WHAT THIS TASK INVOLVES> Take from the entries below the stretch from the line with "Treaty of Neuilly" through the line with "Screw Eyes ZP", and return it exactly, leaving the pictures out.

INPUT RECORDS>
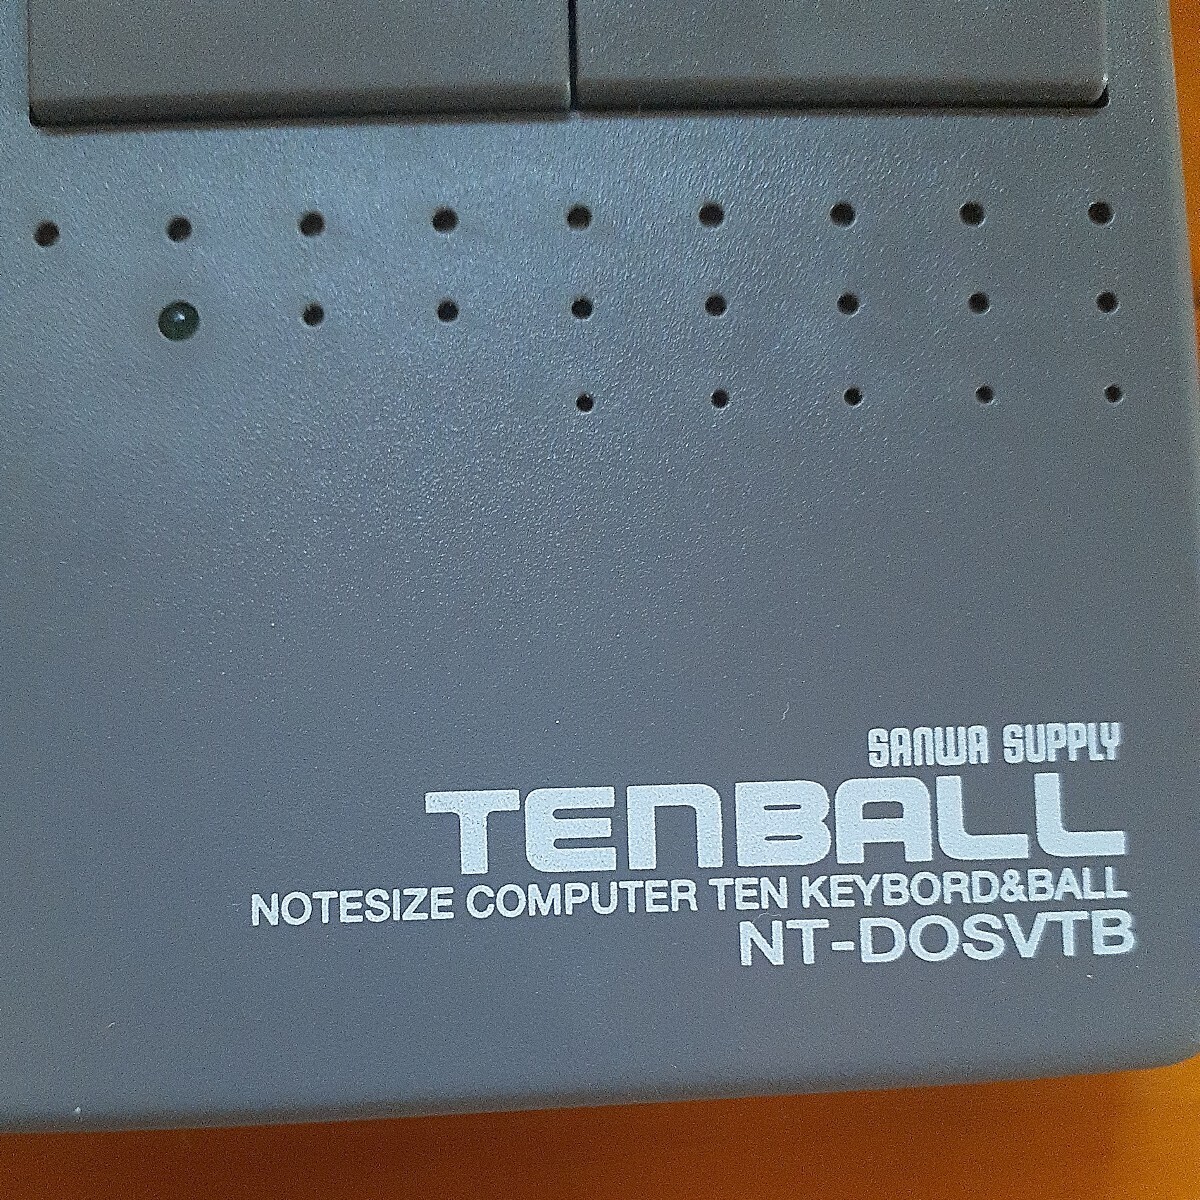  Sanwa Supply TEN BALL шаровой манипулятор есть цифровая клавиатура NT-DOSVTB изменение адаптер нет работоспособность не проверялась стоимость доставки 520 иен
--
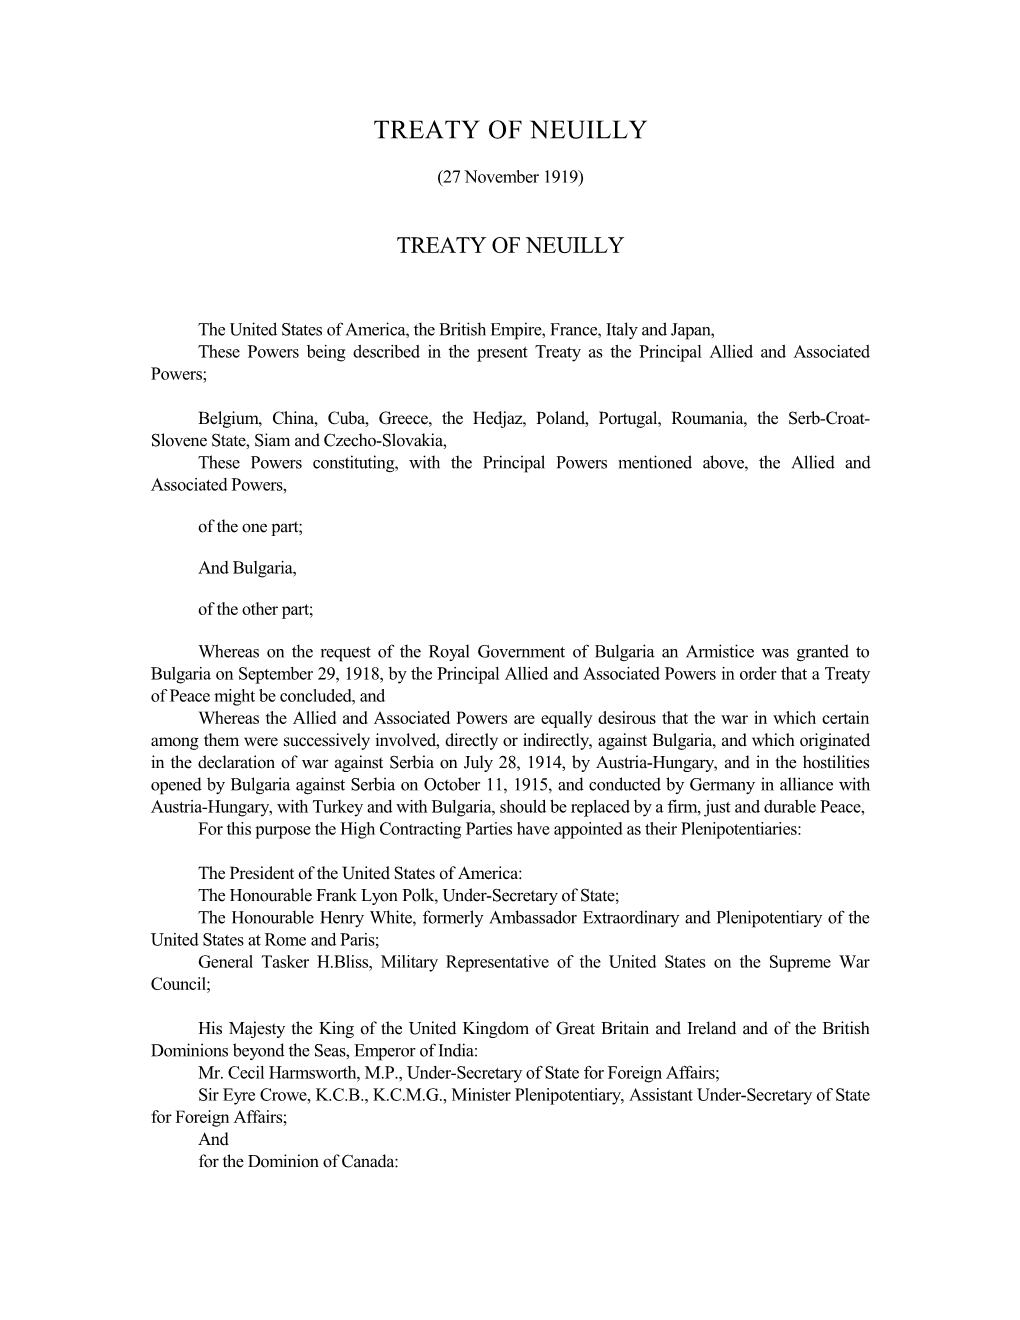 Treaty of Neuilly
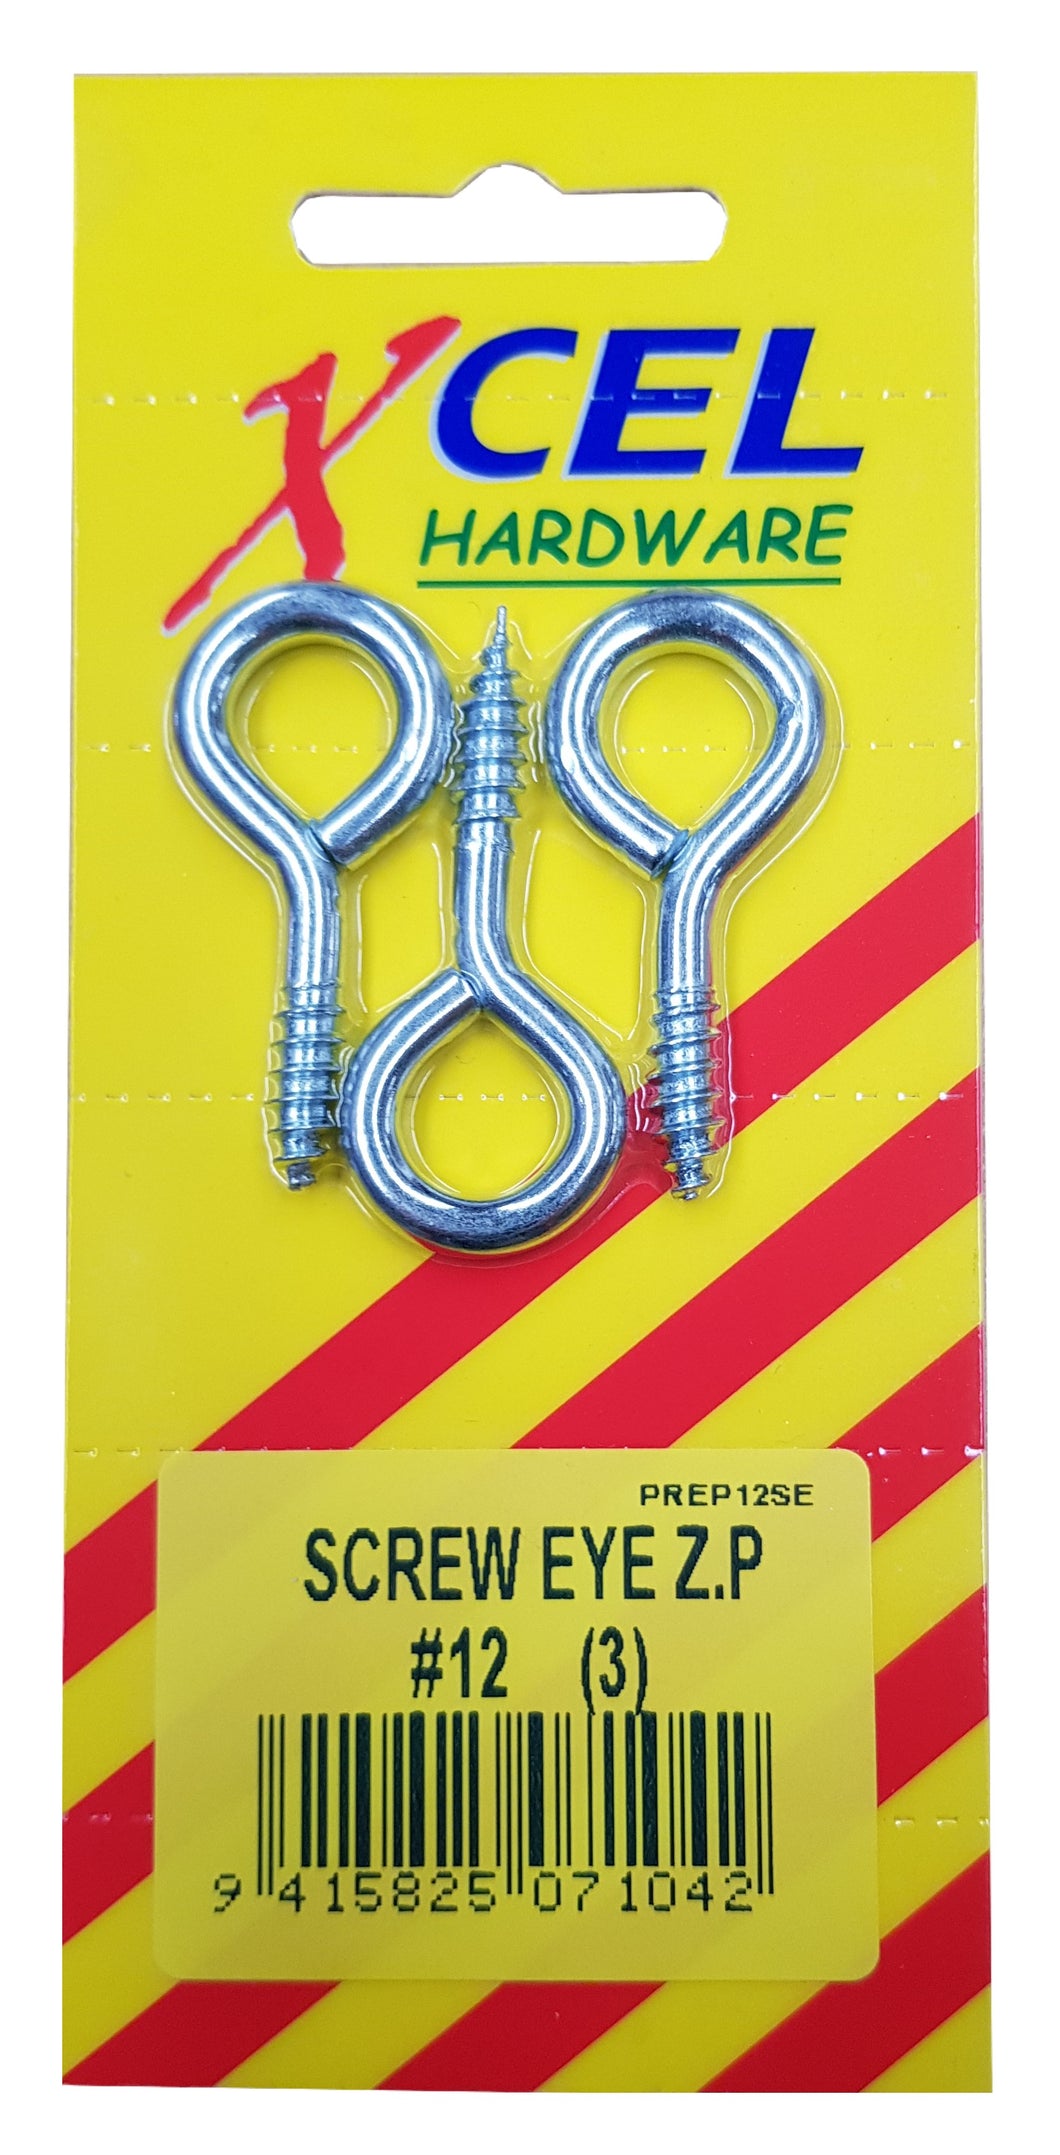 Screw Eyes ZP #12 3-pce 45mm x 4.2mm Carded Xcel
==
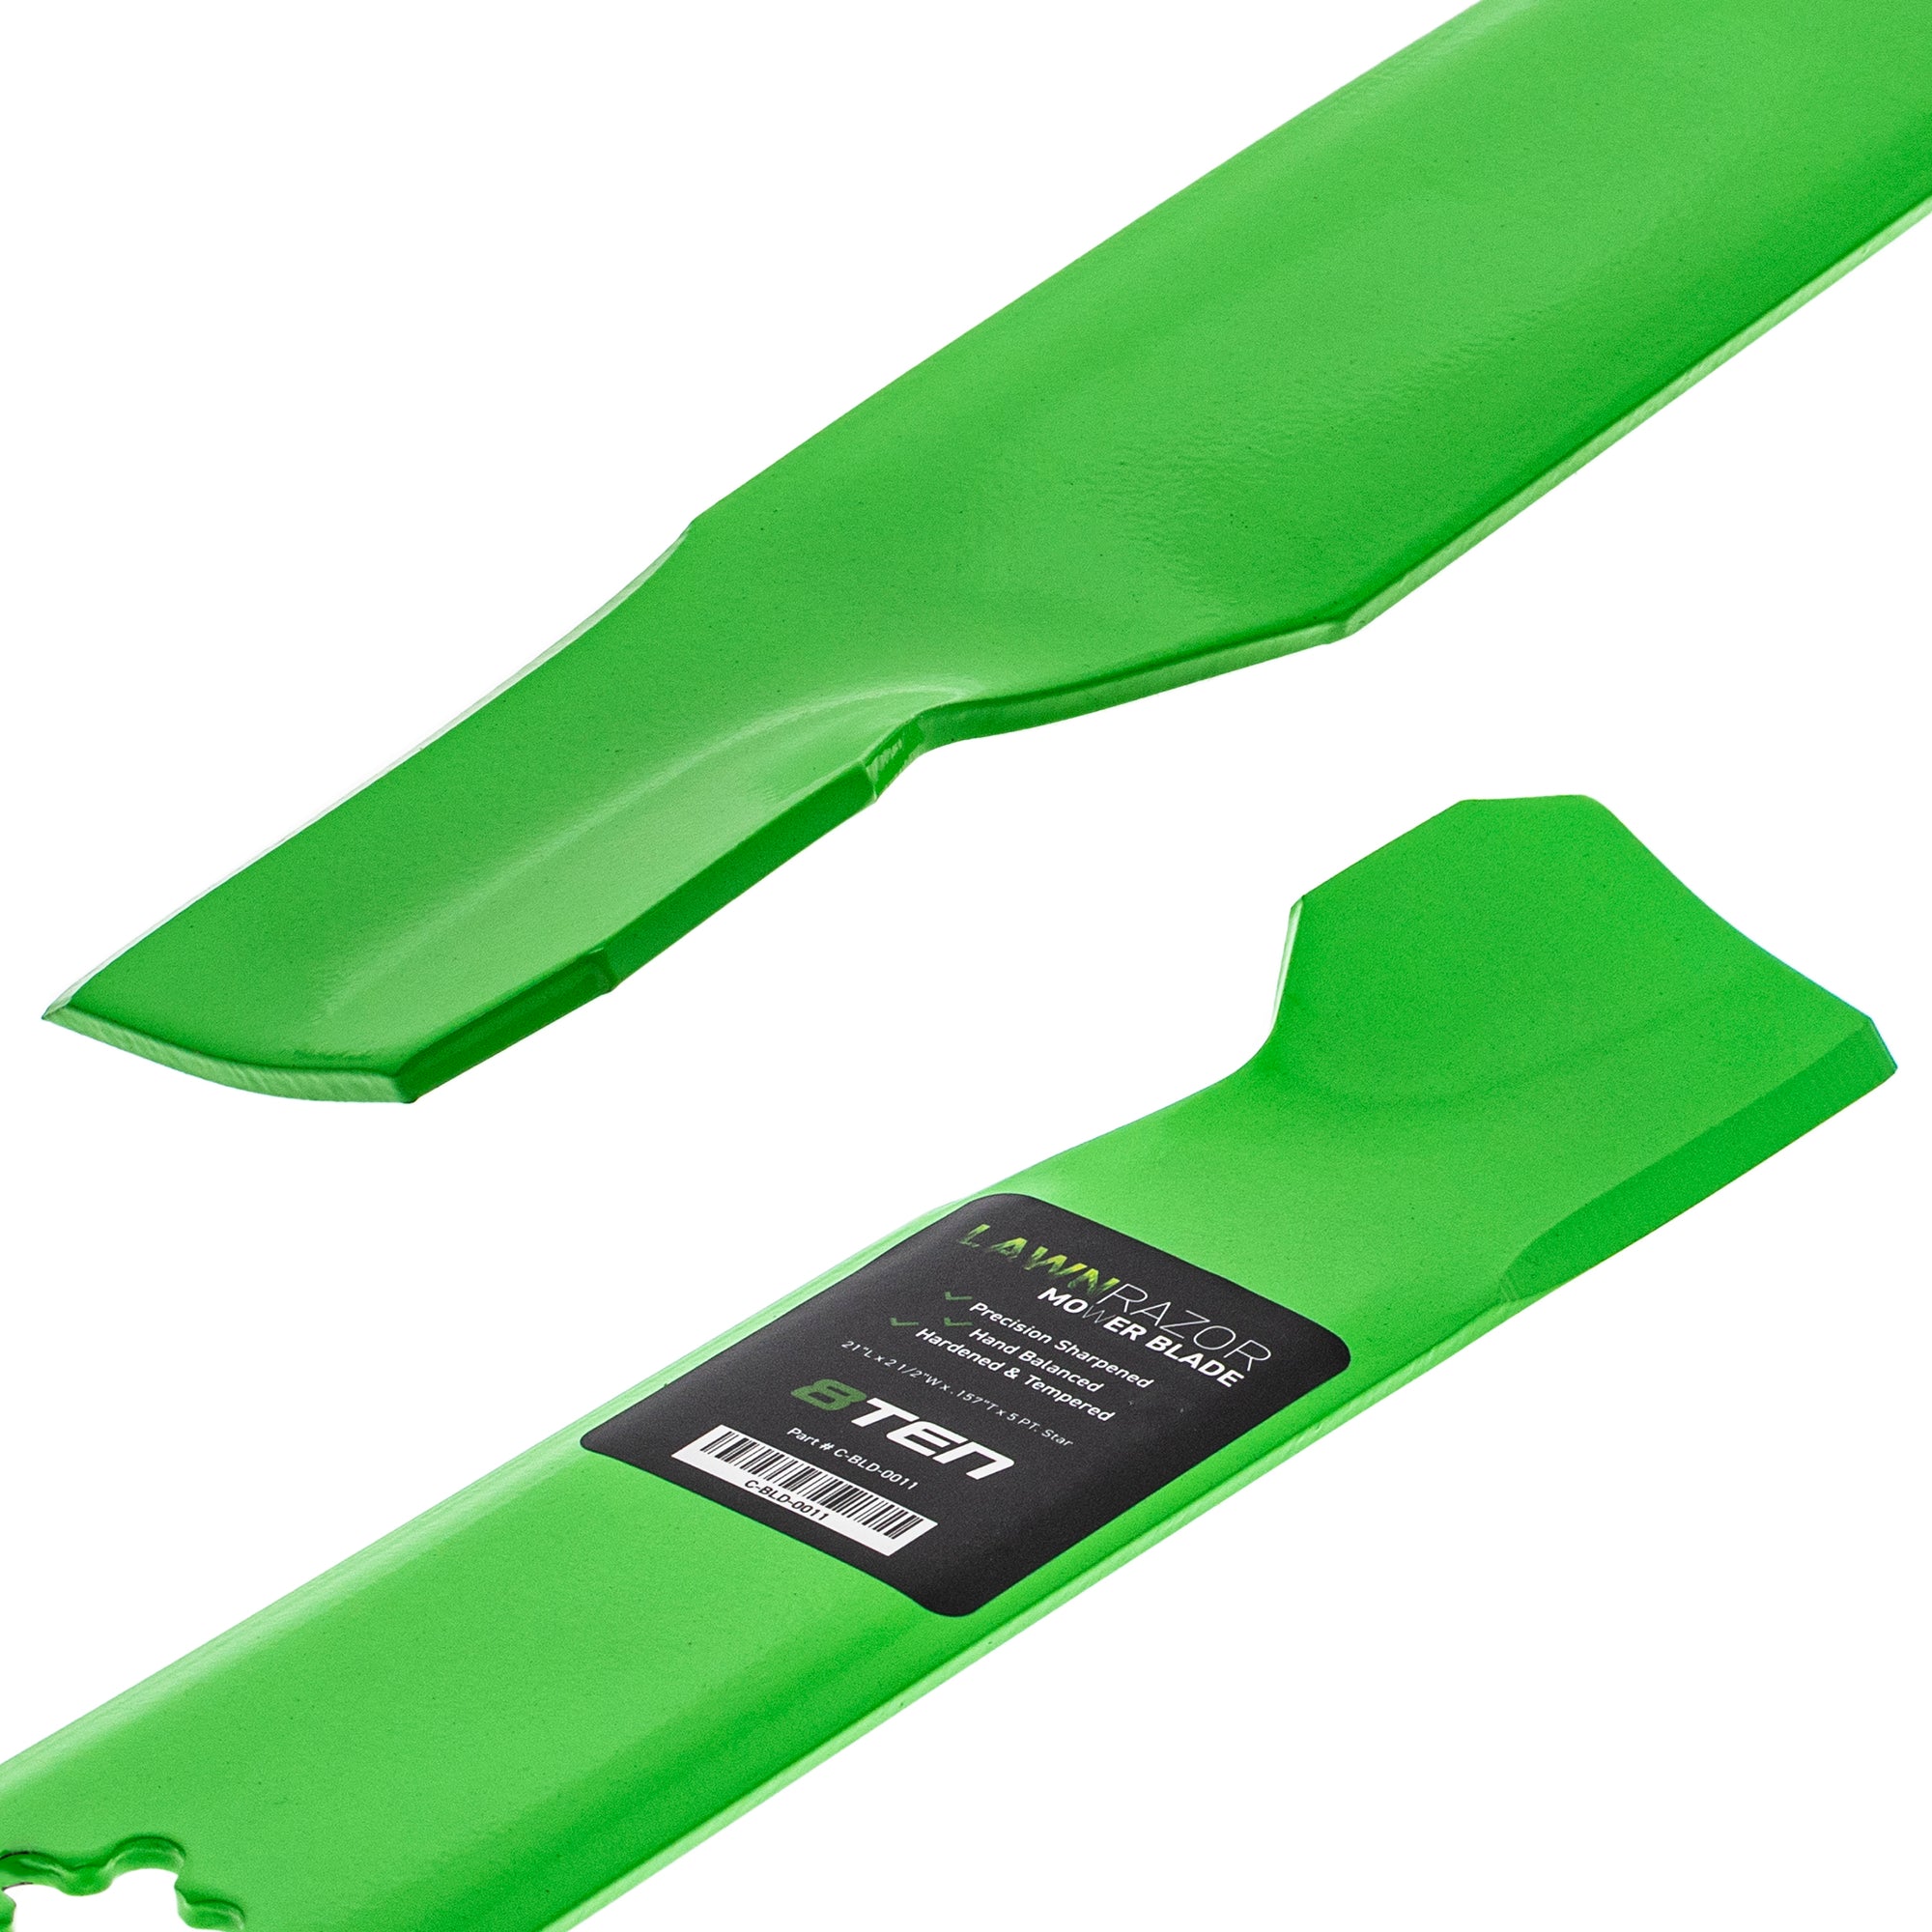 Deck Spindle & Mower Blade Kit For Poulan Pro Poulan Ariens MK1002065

OUTPUT FOR THIS EXERCISE>
 Treaty of Neuilly
 Screw Eyes ZP #12 3-pce 45mm x 4.2mm Carded Xcel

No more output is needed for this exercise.